Structure of the Agreement
The basic document is a stipulation of settlement. Phoenix agrees to create a $42.5 million settlement fund and agrees not to object to a request for plaintiffs' attorney fees of one-third of the settlement fund (about $14.2 million). Phoenix agrees to pay plaintiffs' attorney expenses and the settlement expenses out of the settlement fund, leaving a net settlement fund of around $27 million. Phoenix agrees to pay an additional $6 million in plaintiffs' attorney fees outside the settlement fund, so that the total plaintiffs' attorney fees are about $20.2 million. No funds will revert to Phoenix, and the settlement includes broad releases.
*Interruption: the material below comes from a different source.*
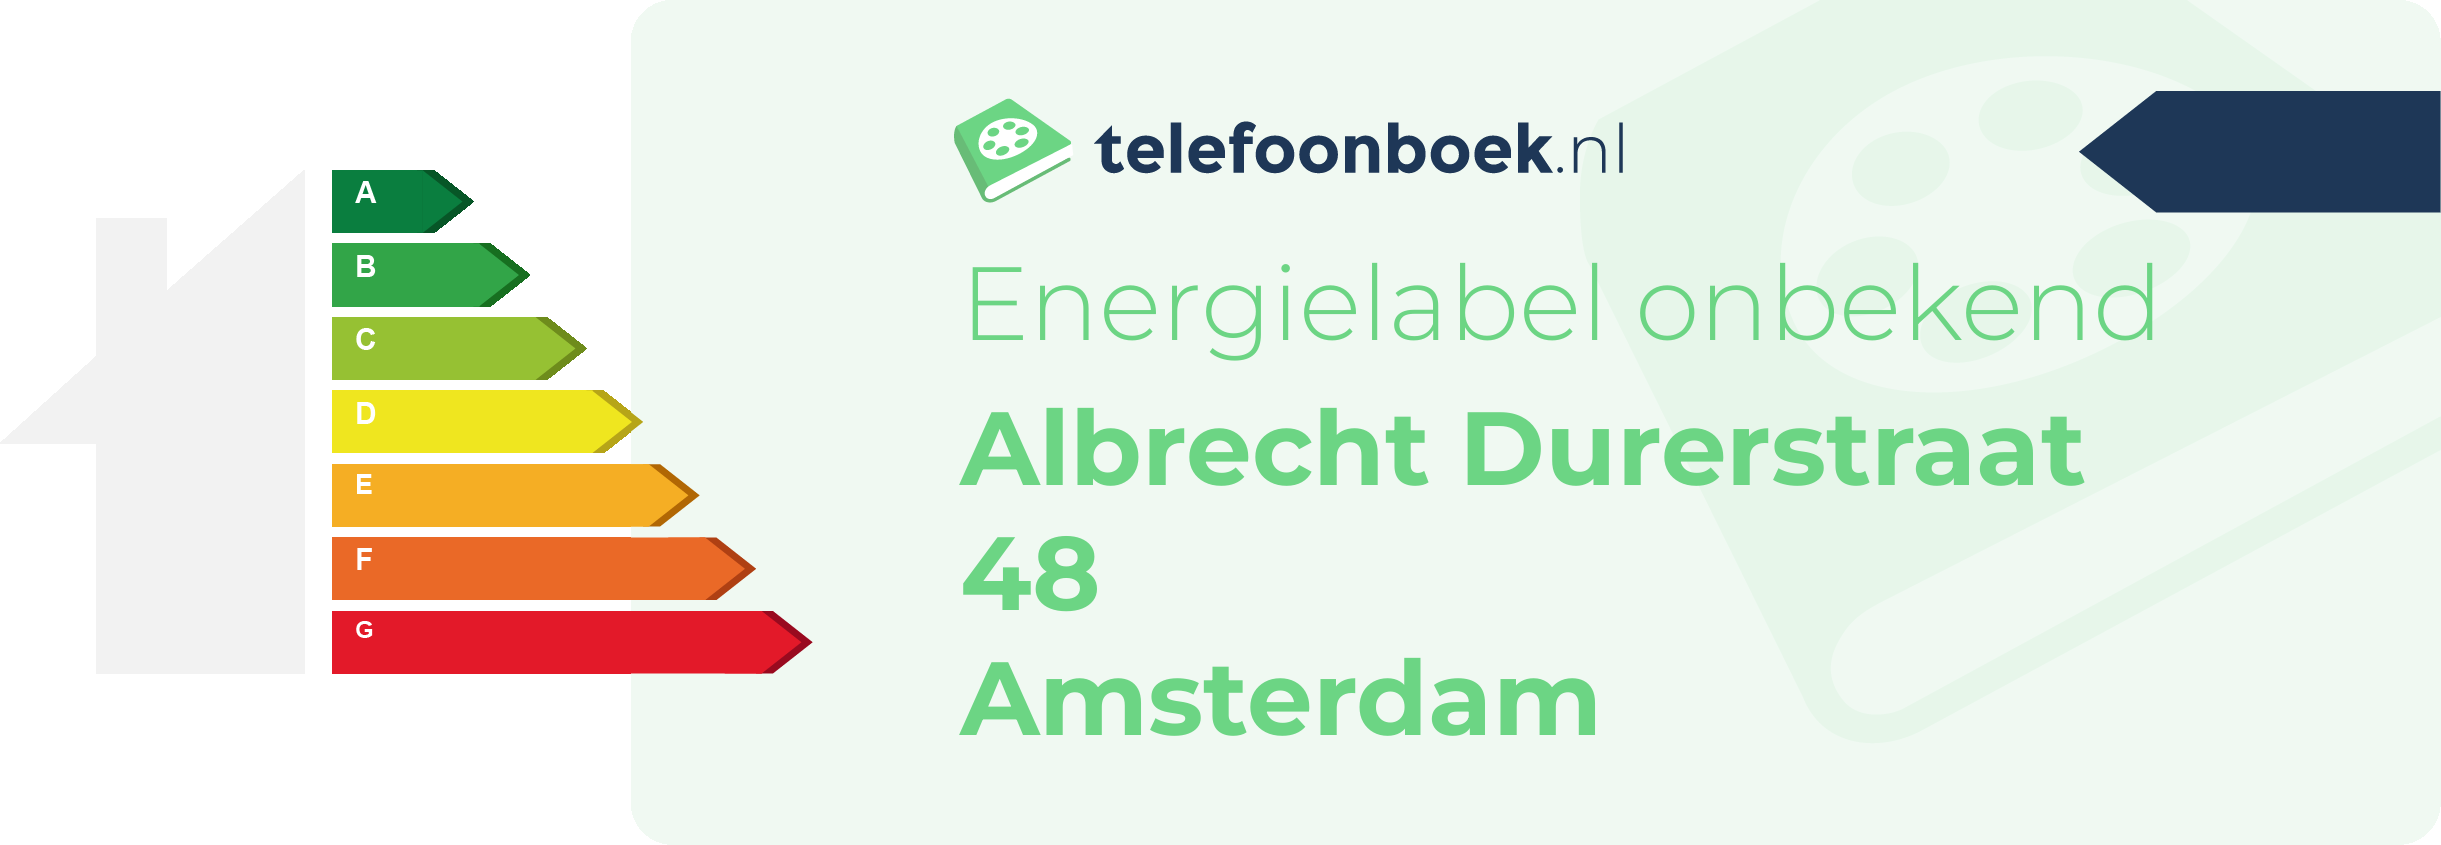 Energielabel Albrecht Durerstraat 48 Amsterdam

The parties entered into a separate, confidential agreement allowing Phoenix to terminate the agreement in the event too many class members opt out.
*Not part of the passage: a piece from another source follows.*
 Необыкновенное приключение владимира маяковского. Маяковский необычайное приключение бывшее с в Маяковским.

The system for allocating the net settlement fund among the class members is the responsibility of the plaintiffs' attorneys. Phoenix states that it is not insolvent, and that the payments required under the settlement will not render Phoenix insolvent. Phoenix agrees not to impose further COI increases on the class members until after the end of 2020.
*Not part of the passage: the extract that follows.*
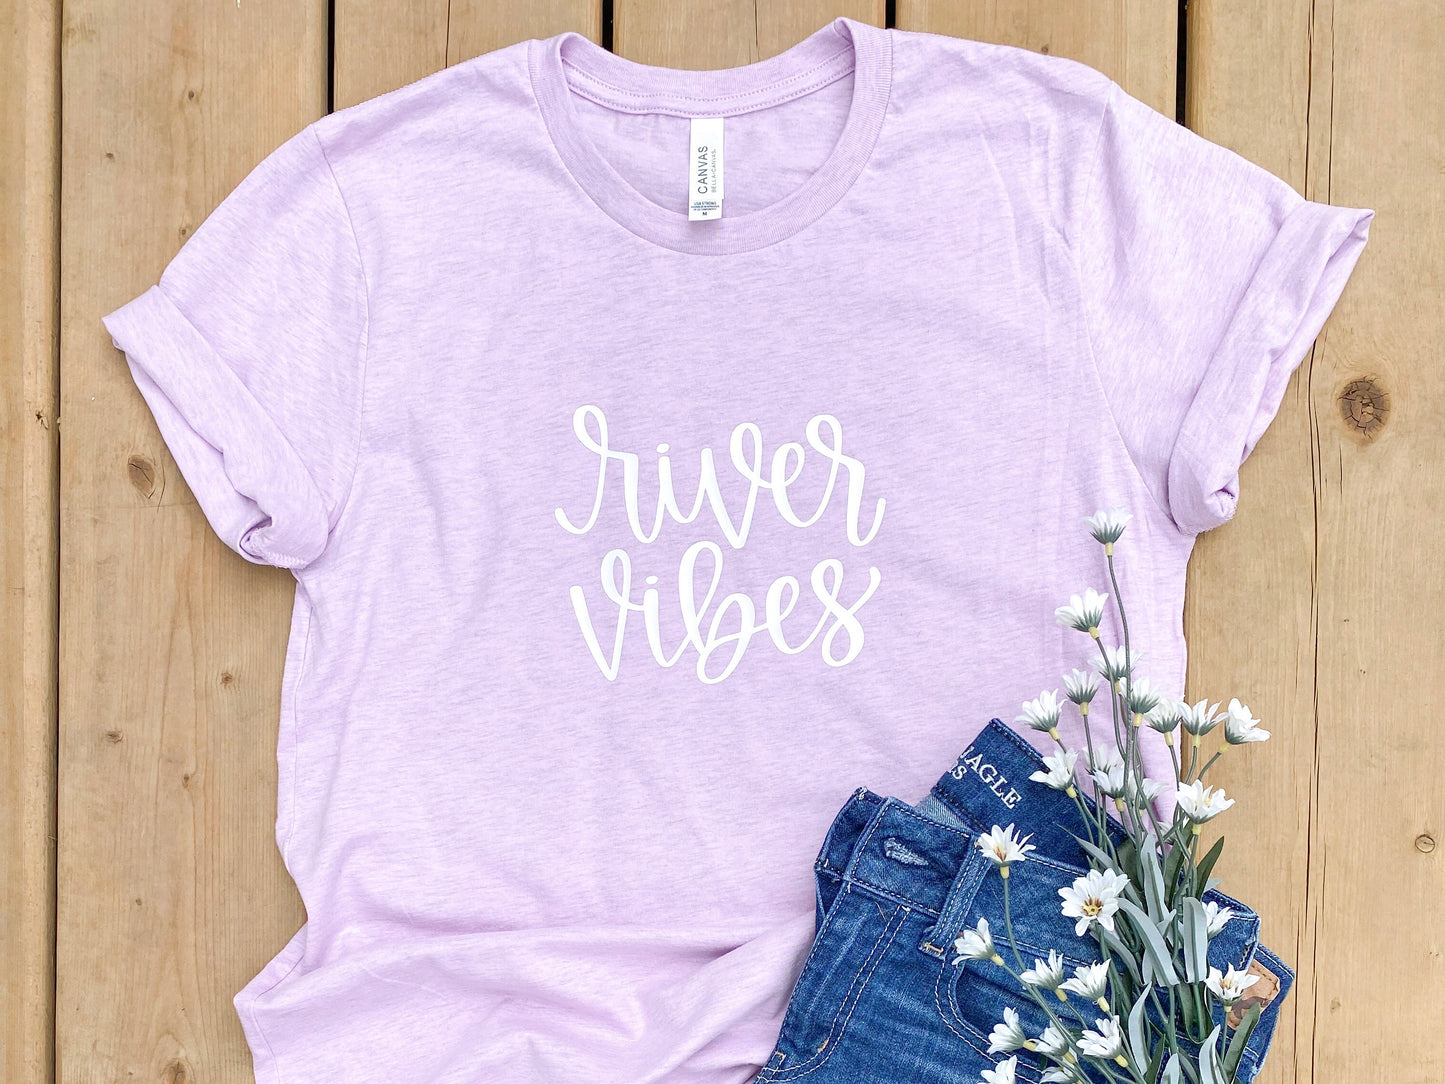 River Vibes XL T-shirt

There are three exhibits attached to the stipulation of agreement. Exhibit A is the notice to be sent to class members informing them of the settlement, offering them an opportunity to object to or opt out of the settlement, and inviting them to attend the fairness hearing.

Exhibit B is the proposed order for Judge McMahon to issue. She crossed out the word "proposed" and issued the order on June 3. She preliminarily approved the settlement as "fair, reasonable and adequate to the class," conditionally certified the class for purposes of the settlement, appointed Susman Godfrey LLP as class counsel for purposes of the settlement, appointed Rust Consulting as the settlement administrator. and scheduled a hearing for September 9, 2015.

Exhibit C shows proposed letters providing required notices to certain interested parties about the proposed agreement. Among those parties are the U.S. Attorney General, the coordinator of the federal Class Action Fairness Act, and state insurance regulators.

The Brief Initial Description
As mentioned earlier, the description of the settlement in the 8-K filed May 1 was very brief. Phoenix said it "will establish a Settlement fund," "will pay a class counsel fee if the Settlement is approved," "agreed to pay a total of $48.5 million," and "expects to incur a $48.5 million charge in the first quarter of 2015."

The brief description implied that Phoenix is proposing to create a $48.5 settlement fund. As explained above, the gross settlement fund is $42.5 million, and the other $6 million is an extra payment to the plaintiffs' attorneys.

General Observations
I am not sufficiently familiar with the cases to express an opinion about the fairness of the proposed settlement, or about whether the $20.2 million in fees for the plaintiffs' attorneys are reasonable. I also do not know whether the system the plaintiffs' attorneys will use to allocate the net settlement fund of around $27 million will be fair.

I am puzzled about the provision under which Phoenix promises not to impose further COI increases until after 2020. All the insureds were at least 68 years old when the policies were issued about a decade ago, and by 2021 the surviving insureds will be in their 80s and 90s.

It is impossible to know what will happen in the other COI lawsuits in which Phoenix is involved. However, the proposed settlement provides a template for settlements of those cases.